Linear B cell epitopes are of different lengths of peptides from 2 to 85 in comparison to that of T cell epitopes. B-cell epitope produces immune response when it interacts with B lymphocytes. It then initiates the differentiation of B lymphocytes into plasma and memory cells (Nair et al. 2002). There are a number of Web-based tools are available for the prediction of B-cell epitope which are hosted by IEDB-AR. For the B-cell epitope prediction with high accuracy, multiple tools, including the Emini surface accessibility prediction (Emini et al. 1985), Kolaskar and Tongaonkar antigenicity scale (Kolaskar and Tongaonkar 1990), Parker hydrophilicity prediction, (Parker et al. 1986) and finally the Chou and Fasman beta turn prediction tool (Chou and Fasman 1979) were employed, because the antigenic parts of a protein belong to the beta turn regions (Rini et al. 1992).

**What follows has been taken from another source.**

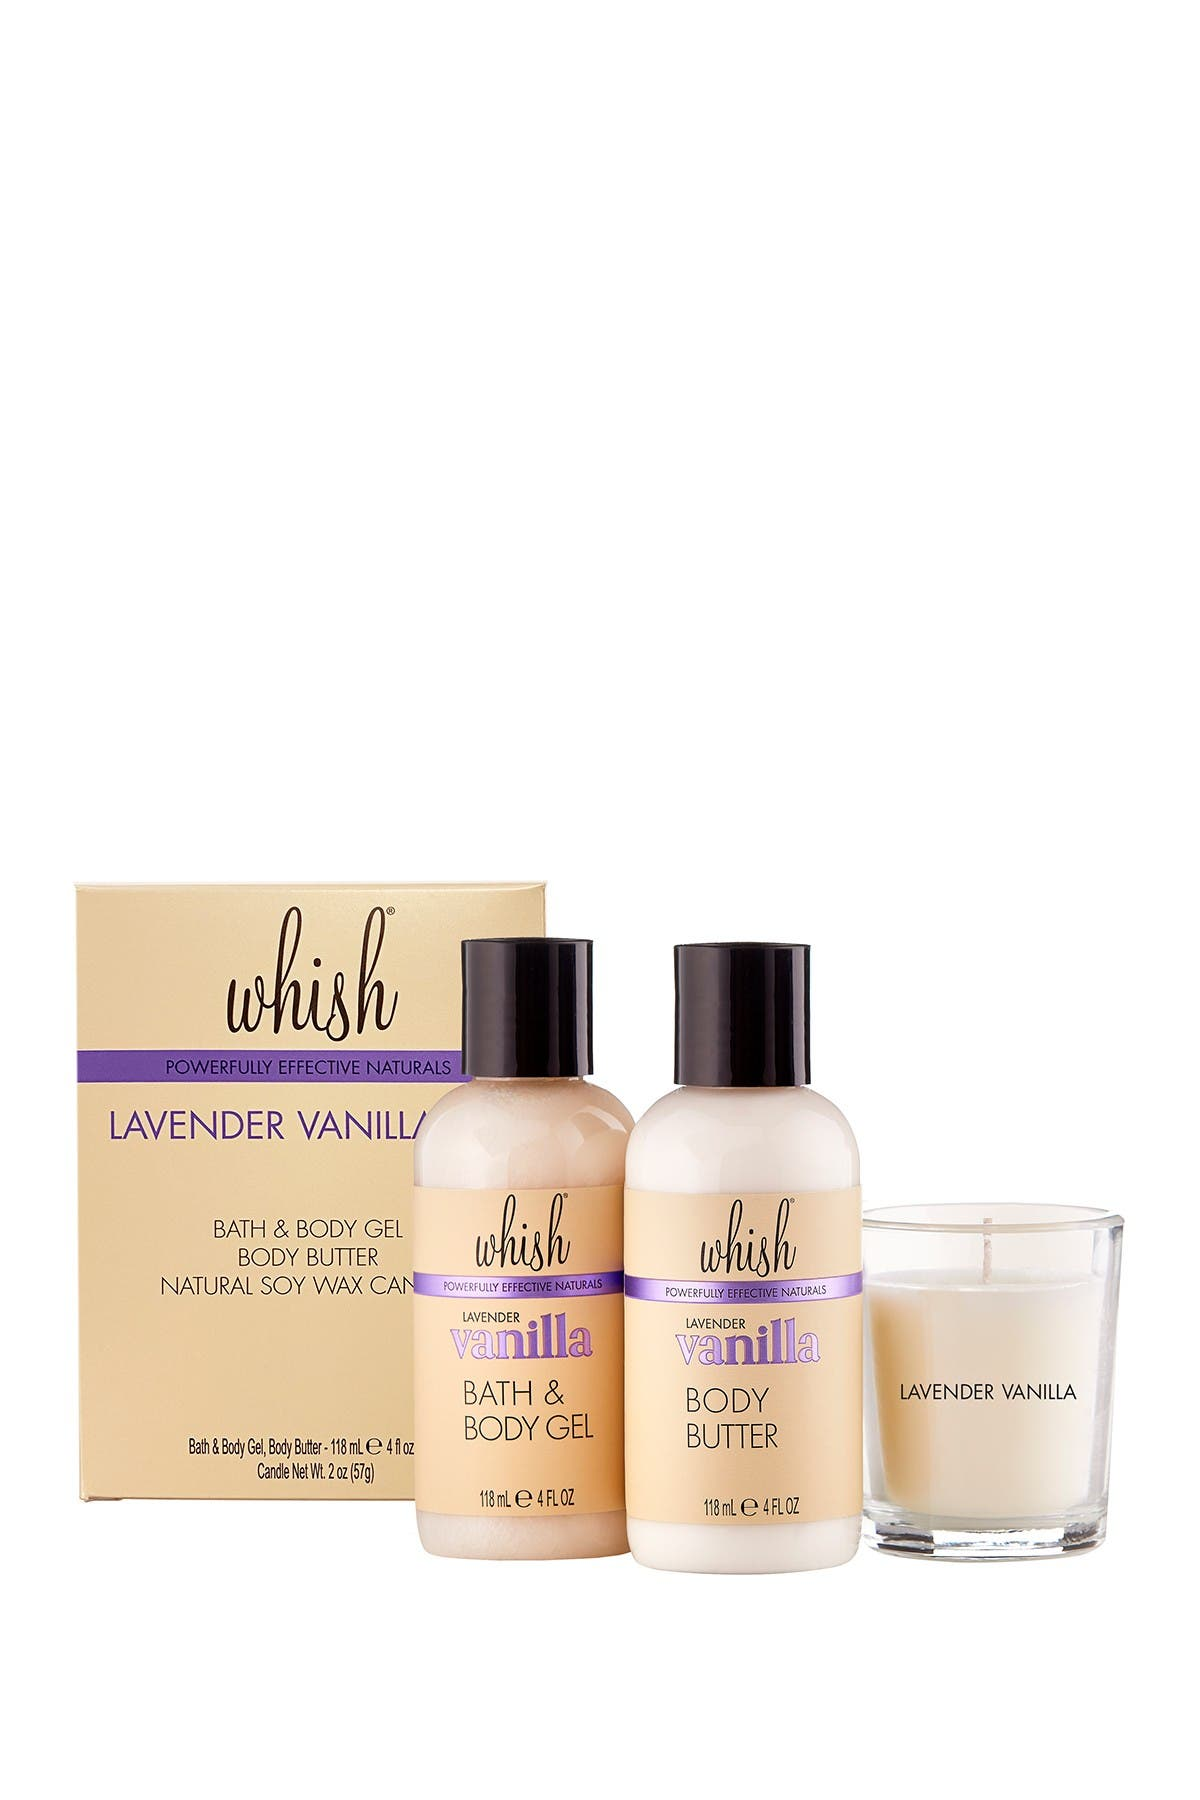 Image of Whish Lavender Vanilla Set - Includes 4oz Bath & Body Gel, 4oz Body Butter & 2oz Votive Candle

Homology modeling and protein variability determination of the conserved region

The structure of the conserved region was constructed by homology modelling using the MODELLER v9 (Šali et al. 1995). MODELLER is a program that implements an automated approach to comparative protein structure modelling by satisfying spatial restraints (Fiser et al. 2000, Sali and Blundell 1993). Finally, the evaluation of the predicted model was verified by using two software tools, PROCHECK (Arnold et al. 2006, Laskowski et al. 1996) and QMEAN (Benkert et al. 2011). For predicting the disorder among the amino acid sequences, DISOPRED v3 (Ward et al. 2004) server was used. In order to calculate the protein variability index the Protein variability server was implied where Wu-Kabat variability coefficient (Garcia-Boronat et al. 2008) has been used.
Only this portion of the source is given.